While technically true why would you want to use it when OpenAI itself provides a bunch of many times cheaper and better models?

KTibow · 4h ago

RouterBench is from March 2024.

QuadmasterXLII · 5h ago

The framing in the headline is interesting. As far as I recall, spending 4x more compute on a model to improve performance by 7% is the move that has worked over and over again up to this point. 101 % of GPT-4 performance (potentially at any cost) is what I would expect an improved routing algorithm to achieve.

dang · 4h ago

(The submitted title was "93% of GPT-4 performance at 1/4 cost: LLM routing with weak bandit feedback")

spoaceman7777 · 5h ago

Incredible that they are using contextual bandits, and named it: Preference-prior Informed Linucb fOr adaptive rouTing (PILOT)
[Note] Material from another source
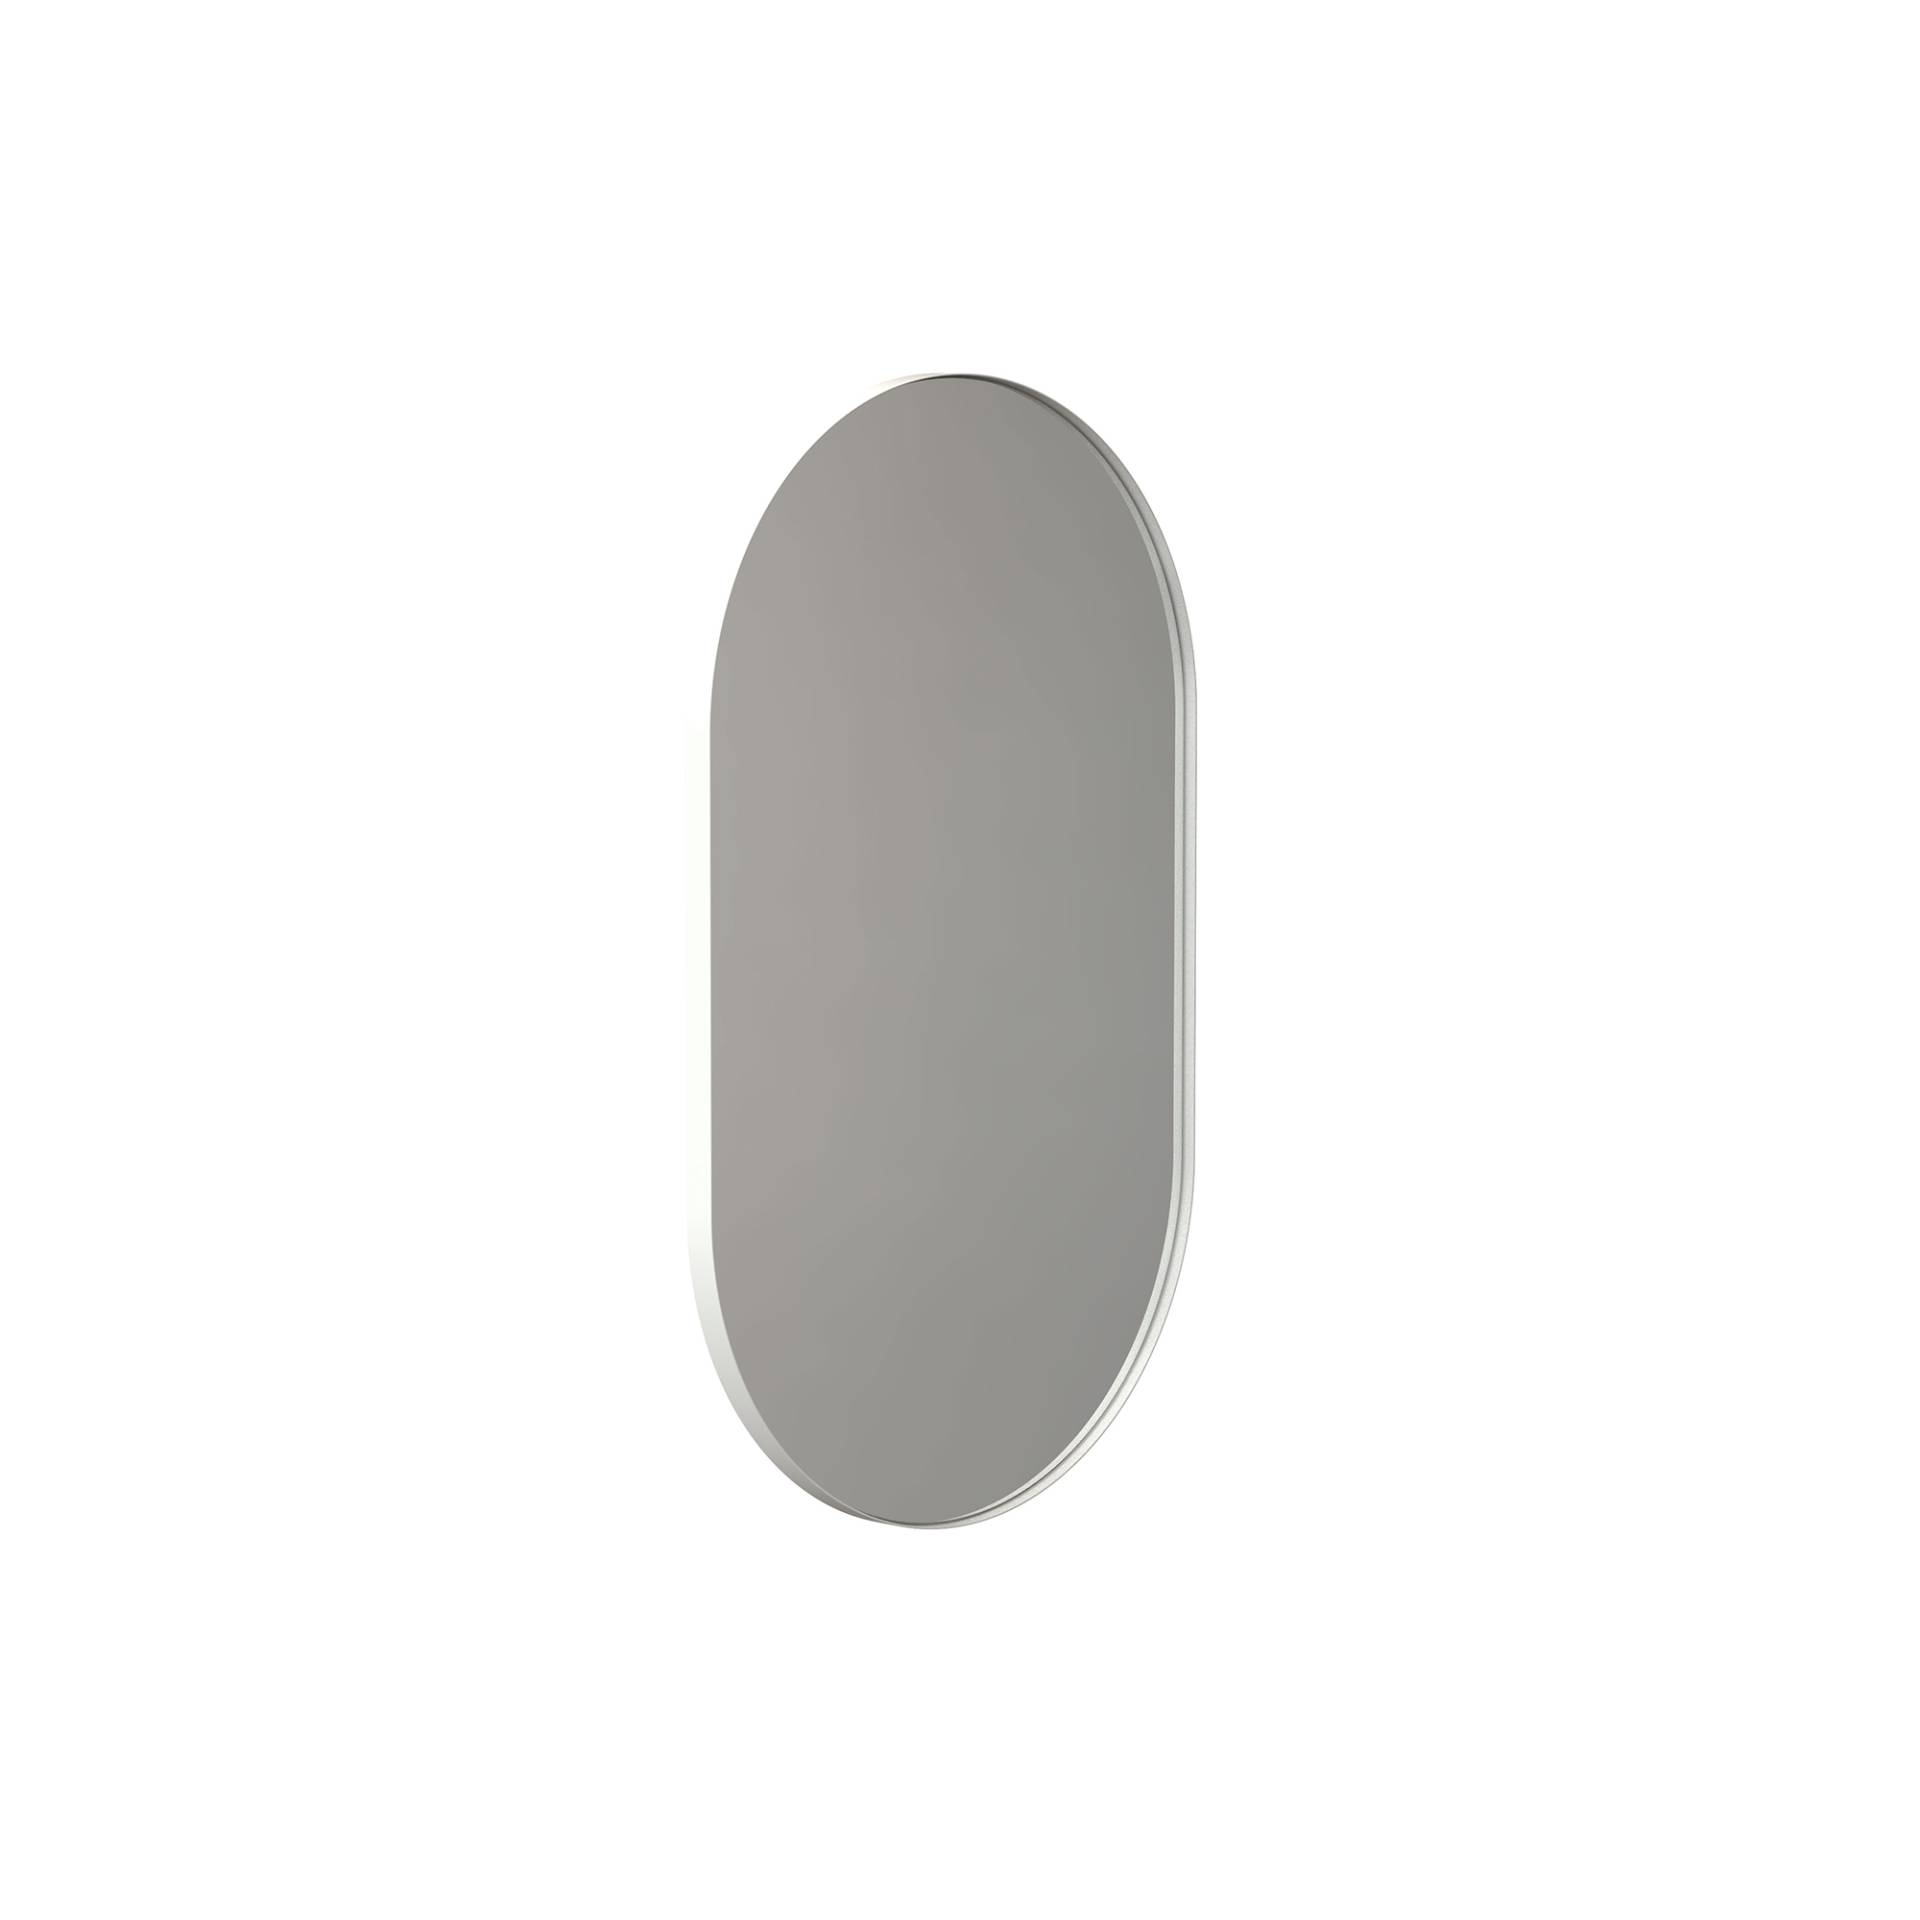 FROST - Unu Wandspiegel 4145 mit Rahmen 60x100cm - weiß/matt/LxBxH 60x100x3cm/oval von FROST

Rather than the much more obvious: Preference-prior Informed Linucb For Adaptive Routing (PILFAR)

bhickey · 2h ago

That's pretty funny. I might need to pilfer it.

fny · 5h ago

Is there a reason human preference data is even needed? Don't LLMs already have a strong enough notion of question complexity to build a dataset for routing?

delichon · 5h ago

> a strong enough notion of question complexity

Aka Wisdom. No, LLMs don't have that. Me neither, I usually have to step in the rabbit holes in order to detect them.

fny · 4h ago

"Do you think you need to do high/medium/low amount of thinking to answer X?" seems well within an LLMs wheelhouse if the goal is to build an optimized routing engine.

nutjob2 · 3h ago

How do you think that an LLM could come by that information? Do you think that LLM vendors are logging performance and feeding that back into the model or some other mechanism?

adtac · 2h ago

Why not something dumb like this: https://chatgpt.com/share/68b60199-b6ac-8009-b50d-3e7cfff1d7... (gpt-4o)

carlhjerpe · 3h ago

Yes, that's why they keep getting better and why Anthropic is switching privacy policy defaults to eat my data please.

jibal · 5h ago

LLMs don't have notions ... they are pattern matchers against a vast database of human text.

mhh__ · 4h ago

Please do a SELECT * from this database

ashirviskas · 3h ago

What was the name of the rocket that brought the first humans into space?

CuriouslyC · 2h ago

These router papers are popping up hard now. I have a gradient boosted router I've been playing with that ties into retrieval to provide adaptive routing. The truth about these routers is that you have to tune them on your workloads to get the full benefit, otherwise they test way better than they work in production. That was why I added the retrieval aspect to mine, otherwise your top line slice and reality are very different.

axiom92 · 1h ago

From last neurips https://automix-llm.github.io/automix/

lewtun · 3h ago

> We instantiate this idea through Preference-prior Informed Linucb fOr adaptive rouTing (PILOT), a novel extension of LinUCB

Academics are pretty creative at naming their creations

CuriouslyC · 2h ago

I almost named my LoRA replacement BEMO, but that felt too cute, so it's just BEM (Bolt-on Expert Modules).

westurner · 2h ago

Would there be advantages to routing to models according to cost in conjunction with prompt rewriting?

andrewflnr · 5h ago

Is this really the frontier of LLM research? I guess we really aren't getting AGI any time soon, then. It makes me a little less worried about the future, honestly.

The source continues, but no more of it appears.